The characters in firebugs are not arsonists, and the only fires that rage out of control within its pages are those glimpsed on a web browser. Fire is a metaphor, but one each character has to divine the meaning of for themselves. Is fire a place of rebirth, as in imagery of the mythological phoenix, or is it purely destructive? Lily, a dancer and performance artist, suggests the former, while Ingken, a doomscroller of news footage of desolation wrought by wildfires, is inclined to believe the latter. This is a place where differences of age play a part: on a long enough timescale, the decimation of an ecosystem will eventually give way to a new biome. Looked at from the perspective of the present, upheaval merely eradicates what was there before. The older one gets, the less one has time to waste waiting for new blossoms to rise from ash. There is an age difference between where Ingken is at at the time the story takes place and where Lily transitioned in the time before the book began that defines the difference in their perspectives.

The specifics of age add a good deal to the book’s contents, if one has the life experience to infer the meanings of what it is to be one age and not another. Identity, for a person in their 30s, is not simply a question of category or pronoun, but an adulthood’s worth of job prospects and relationship statuses one is loath to abandon in the name of growth. I’ve read recent comics about queer relationships where age is elided entirely, in favor of the presentation of a general romanticized youth. Such a portrayal may feel true to the shared feeling of commonality within a large social circle of casual acquaintances, where an egalitarian assumption is filled out with projection of shared similarities, but constructing fiction that posits characters as being at the same place in their mental and emotional development makes for work that feels distinctly simplistic. firebugs is a relationship drama where characters are realized as individuals, and it’s a stronger comic than one that merely parades the fashionable before the reader.

Climate change forms the backdrop of the story, but it's only about that subject inasmuch as these characters act towards the slow motion collapse of their relationship the way we all must act about the collapse of our world: pretending as if it’s not happening, the best we know how. Neither Lily nor Ingken (nor Anya, the woman Lily dates on the side) is any more culpable in the relationship’s failure, the same way any non-billionaire is particularly culpable in our ongoing ecocide. There can be no resistance - only going along with gradually-worsening conditions, like the lack of a partner’s sexual desire, as if it was something one should’ve seen coming. What else can one do, given the circumstances? As the book goes on, there is a sense that Lily is doing what she is supposed to, being as kind and supportive as she can be, because she has completely checked out of the relationship and is now aiming towards ending things as peacefully as possible.

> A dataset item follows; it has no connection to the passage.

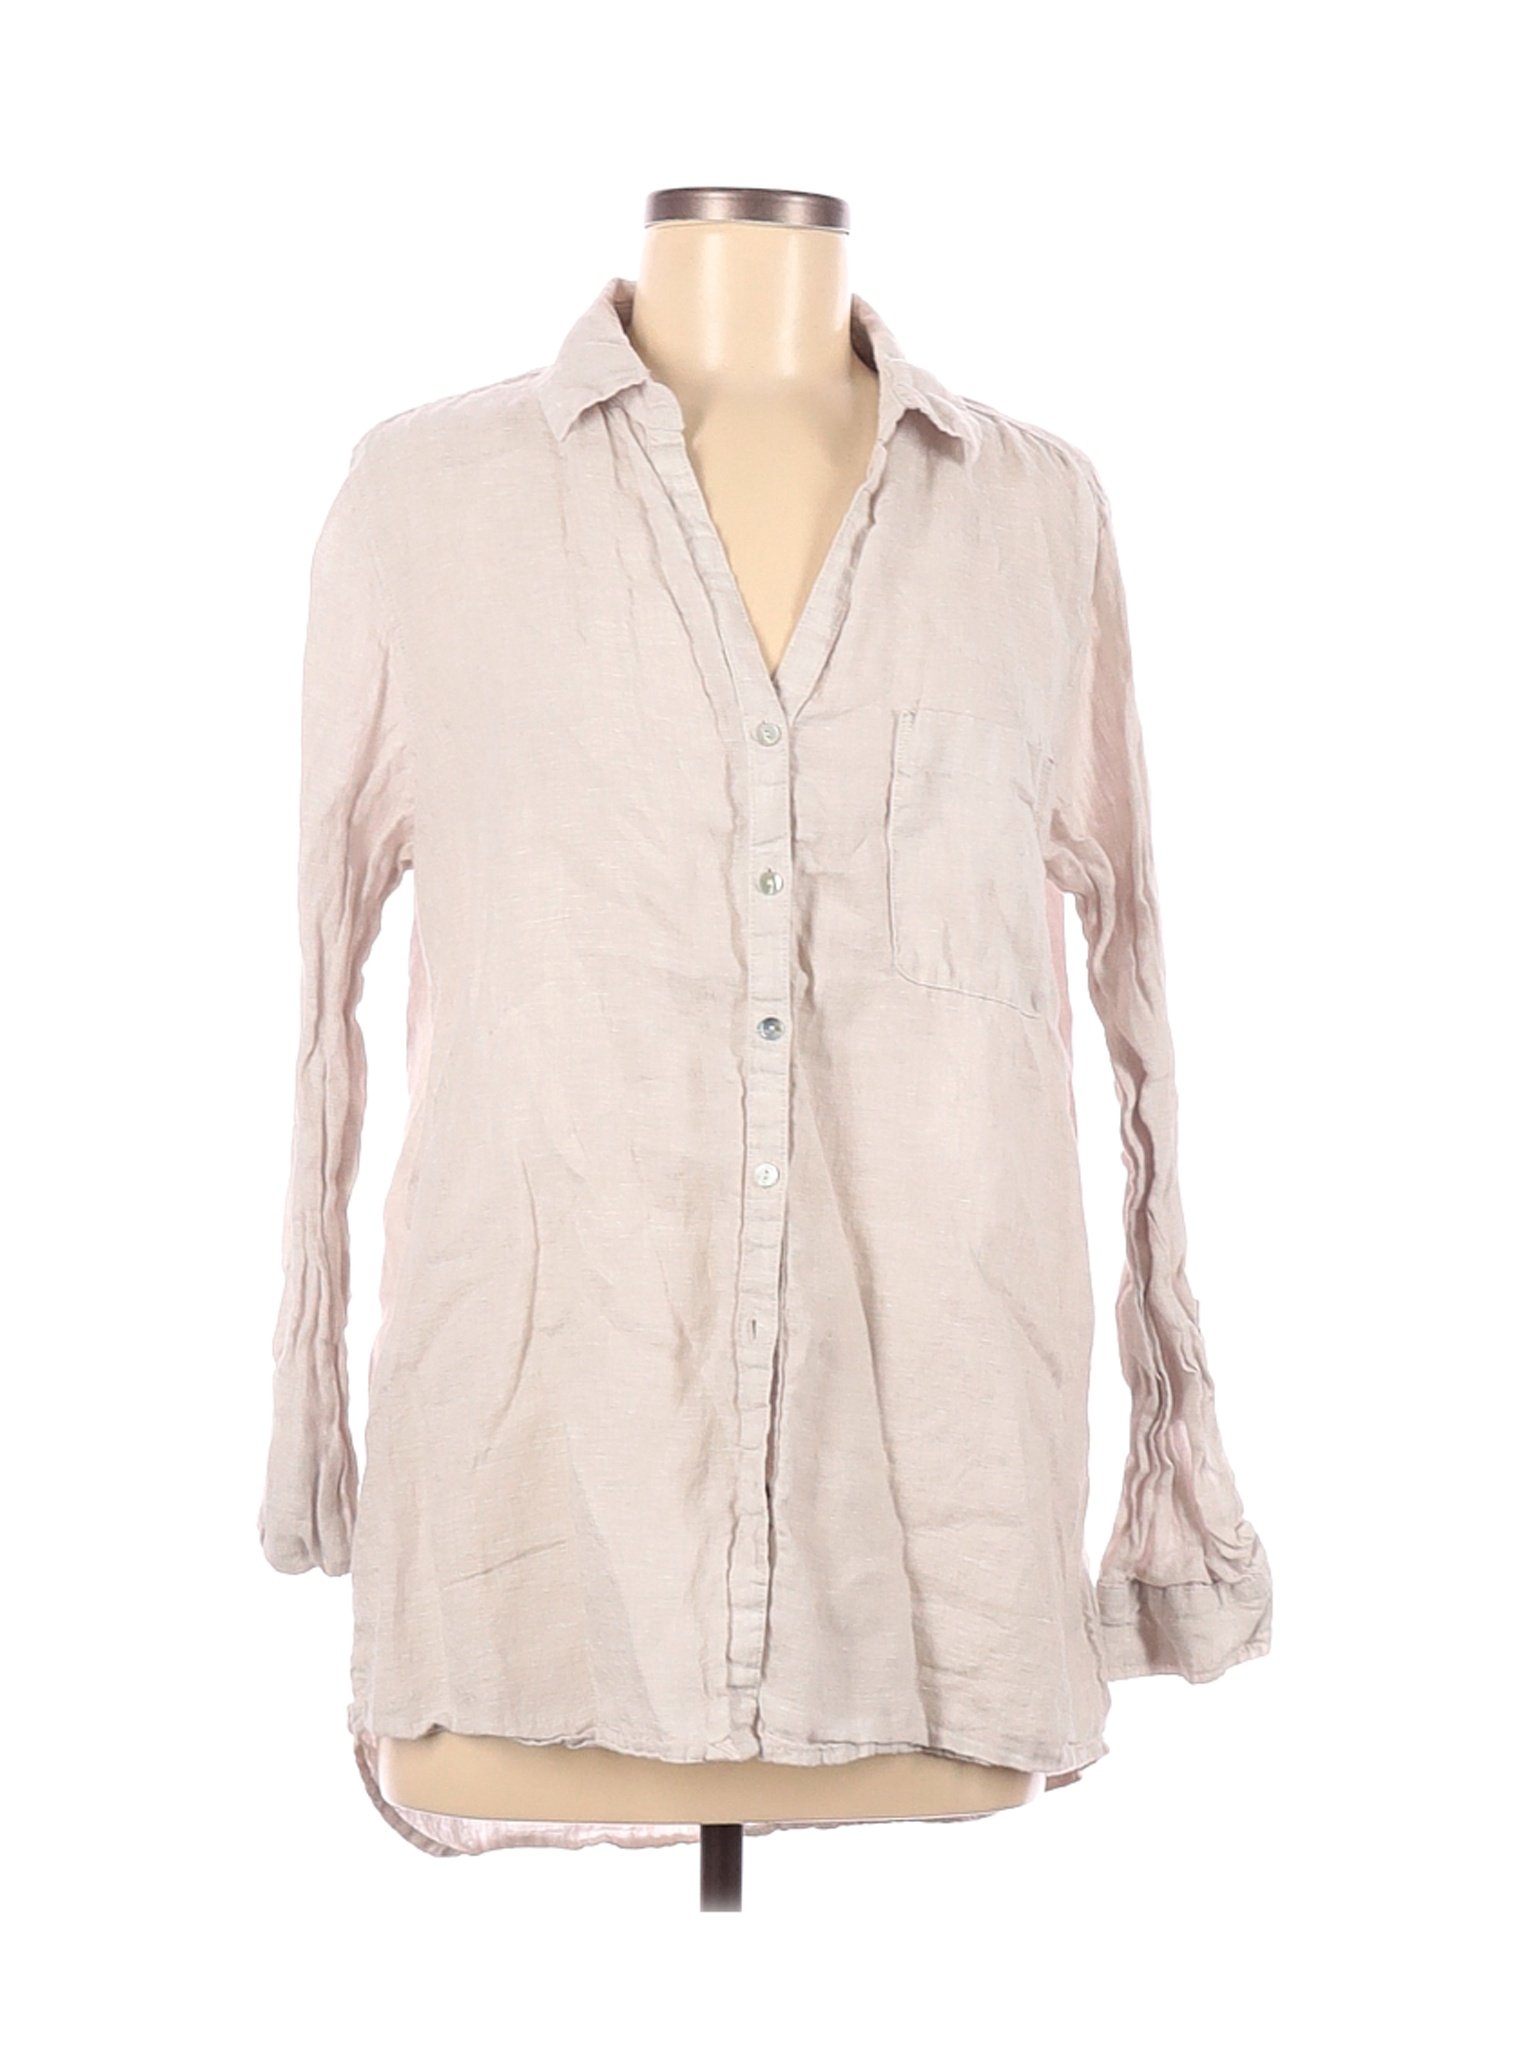 C&C California Women Ivory Long Sleeve Button-Down Shirt M | eBay
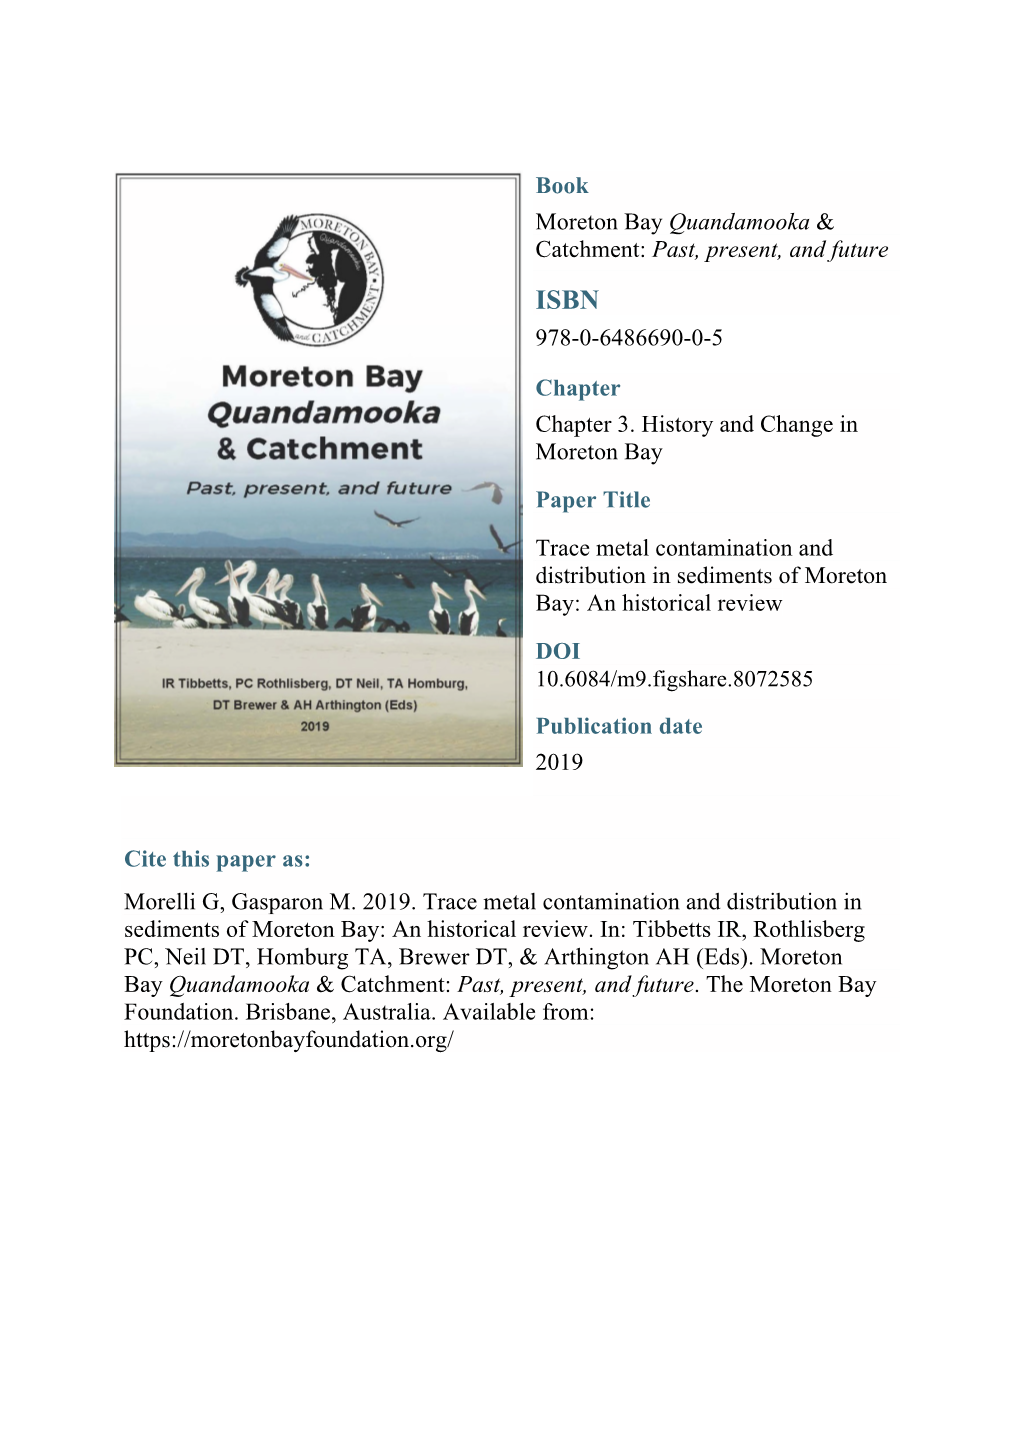 Book Moreton Bay Quandamooka & Catchment

Lily breaks up with Ingken near the end of the book, and shortly after, Ingken meets someone new. This could be a good thing, an opportunity for a new romance, but carried within that is the idea that a new self could be presented to this new person: a new name can be given, when asked for a name. A new relationship necessitates new communication, and with it an end to elision in deference to the unspoken. It is implicit that the conclusion of the comic carries with it the need for a new language that might be beyond the formal system by which the comic is bound: in the place of images and their quiet, there will be talking, in great quantities.